Predictive models for linear sorption of solutes onto various media, e.g., soil organic carbon, are well-established; however, methods for predicting parameters for nonlinear isotherm models, e.g., Freundlich and Langmuir models, are not. Predicting nonlinear partition coefficients is complicated by the number of model parameters to fit n isotherms (e.g., Freundlich (2n) or Polanyi-Manes (3n)). The purpose of this paper is to present a nonlinear adsorption model with only one chemically specific parameter. To accomplish this, several simplifications to a log-normal Langmuir (LNL) isotherm model with 3n parameters were explored.
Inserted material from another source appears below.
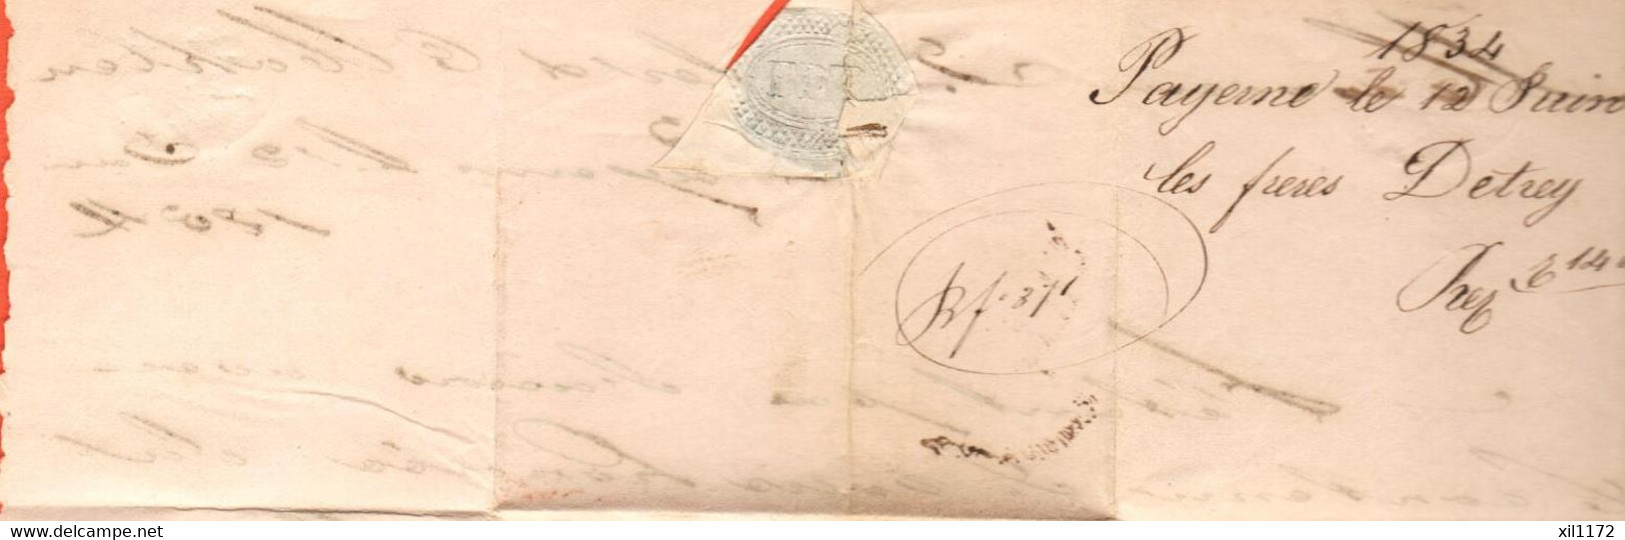 PPH2-04 RARE Lettre Envoyée De Payerne 12 Juin 1834 à Gessler Wohlen Aargau. Argovie - ...-1845 Préphilatélie

A single sorbate-specific binding constant, the median Langmuir binding constant, and two global sorbent parameters; the total site density and the standard deviation of the Langmuir binding constant were employed. This single-solute specific (ss-LNL) model (2 + n parameters) was demonstrated to fit adsorption data as well as the 2n parameter Freundlich model. The LNL isotherm model is fit to four data sets composed of various chemicals sorbed to graphite, charcoal, and activated carbon. The RMS errors for the 3-, 2-, and 1-chemical specific parameter models were 0.066, 0.068, 0.069, and 0.113, respectively. The median logarithmic parameter standard errors for the four models were 1.070, 0.4537, 0.382, and 0.201 respectively. Further, the single-parameter model was the only model for which there were no standard errors of estimated parameters greater than a factor of 3 (0.50 log units). The surprising result is that very little decrease in RMSE occurs when two of the three parameters, σκ and q max, are sorbate independent. However, the large standard errors present in the other models are significantly reduced. This remarkable simplification yields the single sorbate-specific parameter (ss-LNL) model.